Crimes of Persuasion

Schemes, scams, frauds.


Nigerian Romance Scams


Nigerian man breaking hearts, emptying pockets with online romance scam.

12/06 - He sounds like someone you might want to take home to meet your parents.

An honest man with a good job- who wants a good, honest woman to be his soul mate.

Someone you know may be dating this guy right now - online- and he's got quite a plan- because he's not just one guy, he's dozens of guys, sitting in a room with a script- cashing in on romantic gullibility.

"He says he's from LA. He is a single man, raising his daughter- who is 12-years-old," says Krystene Tucker.

The single mother in Mukilteo wasn't even looking for romance, when a mystery man named Redden sought her out in an internet chat room.

He sent a picture and struck up a friendship. He said he was in the import-export business and traveled a lot. His 12-year-old daughter traveled with him.

"I wasn't suspicious in the beginning," she said.

Krystene says He quickly moved in- from friendship to romance to a crisis- "Krystene- I really need your help. Can you just do this one favor for me?" My client needs to send me a check."

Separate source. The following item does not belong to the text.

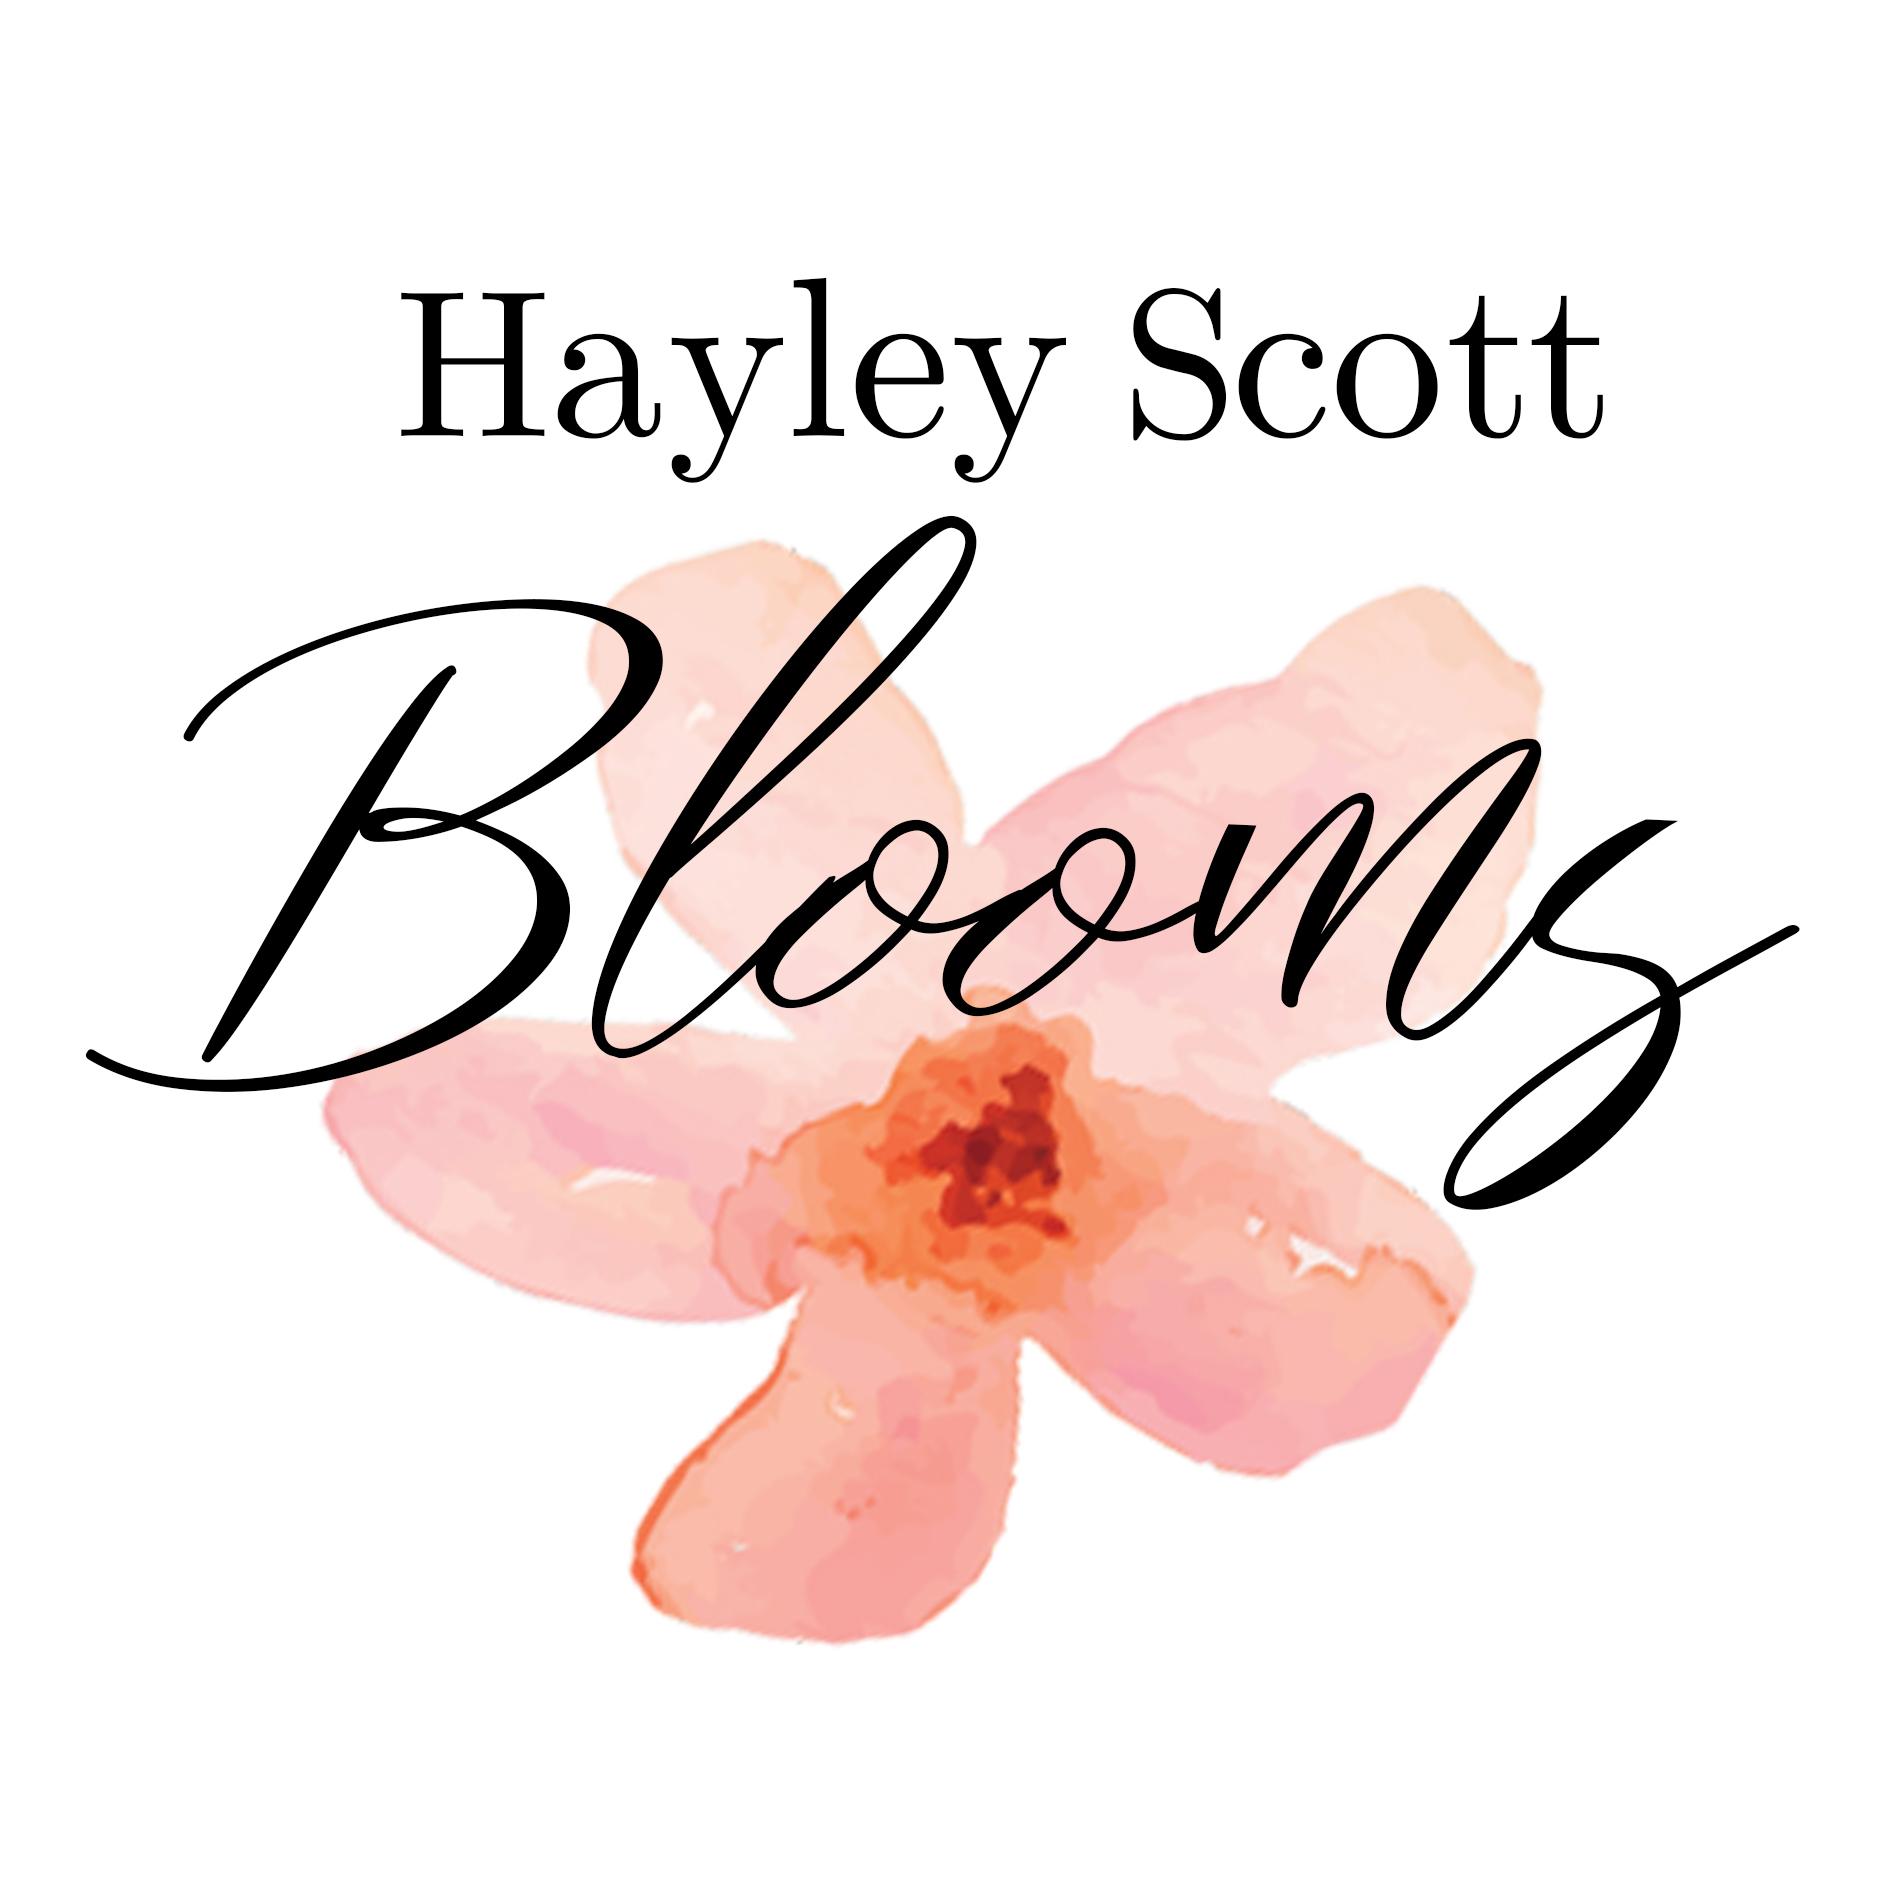 Hayley Scott Blooms

He gave her some convoluted but weakly believable story about being stuck in Nigeria with no way to cash the check. His "client" would mail it to Krystene.

"I would be depositing that check in my account, taking that cash and then going to Western Union and wiring that money to him. At this point I knew it was a scam and so I was looking to get something - proof of what he wanted done."

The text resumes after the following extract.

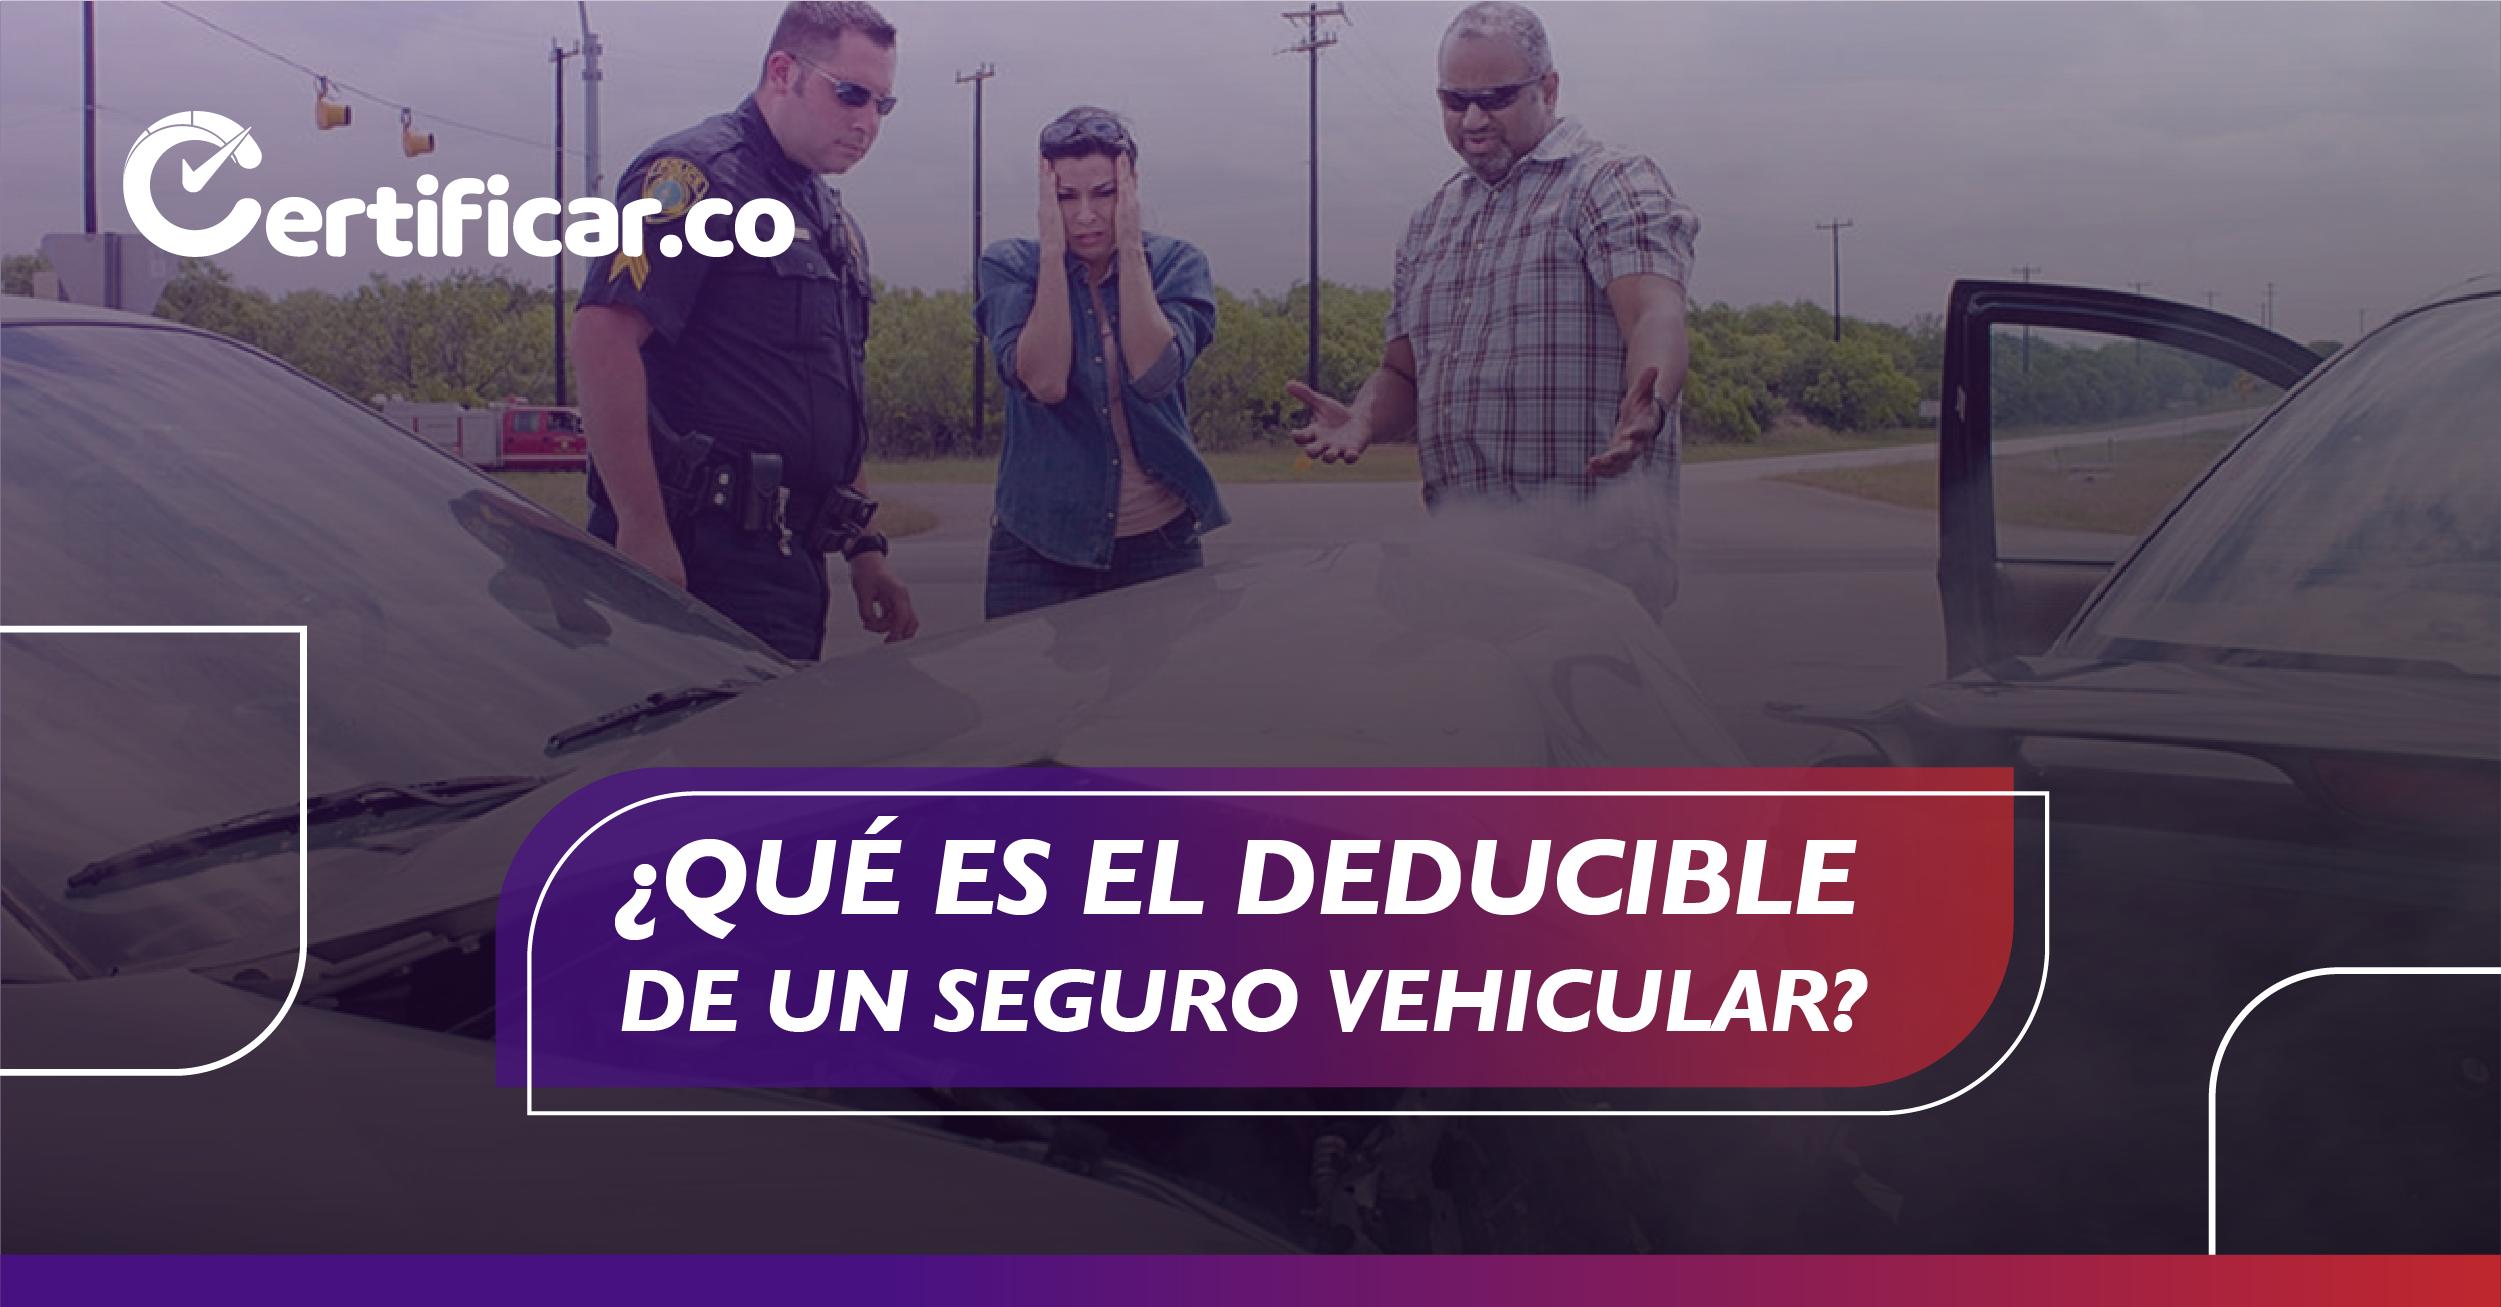 Validar vehiculo usado - deducible de un seguro vehicular

So she gave him a fake address and put on her detective hat. Searching the internet, she discovered Redden was using someone else's picture.

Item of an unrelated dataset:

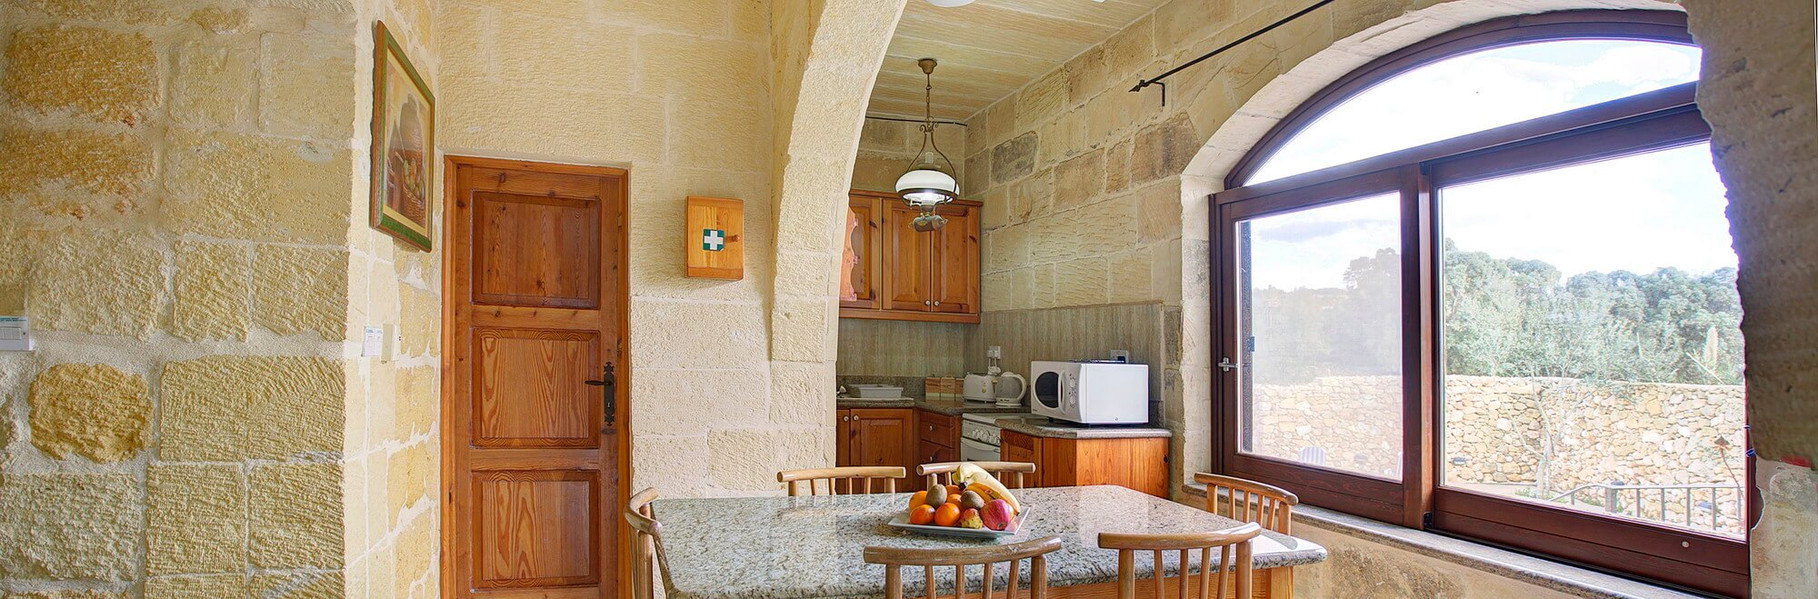 kitchen-villa-3-gozo.jpg

A man who probably has no idea his photo is being used by scammers- not just once, but multiple times.

Redden, is also James and at least half a dozen other men with the same picture. He doesn't live in LA. He doesn't have a daughter.

It's the newest evolution of the Nigerian money scam. Instead of sending spam sob stories in your email - these scammers are hitting chat rooms and online dating sites, targeting women looking for romance.

They say all the things a woman wants to hear- even send gifts of flowers, chocolates and champagne.

"Redden" even went so far as to try to influence what he thought was Krystene's daughter- telling the child her mother needed to send him money to help is own daughter in a Nigerian hospital.

He didn't know it was really Krystene.

When Krystene finally called him on the scam- he was evasive, defiant, and insistant that she had the wrong idea.

Then finally, something she was not expecting- a threat.

"I know where you live. I'm going to send a hit man. I have your picture", Krystene recounts his words. "Then, he threatened my daughter." she said.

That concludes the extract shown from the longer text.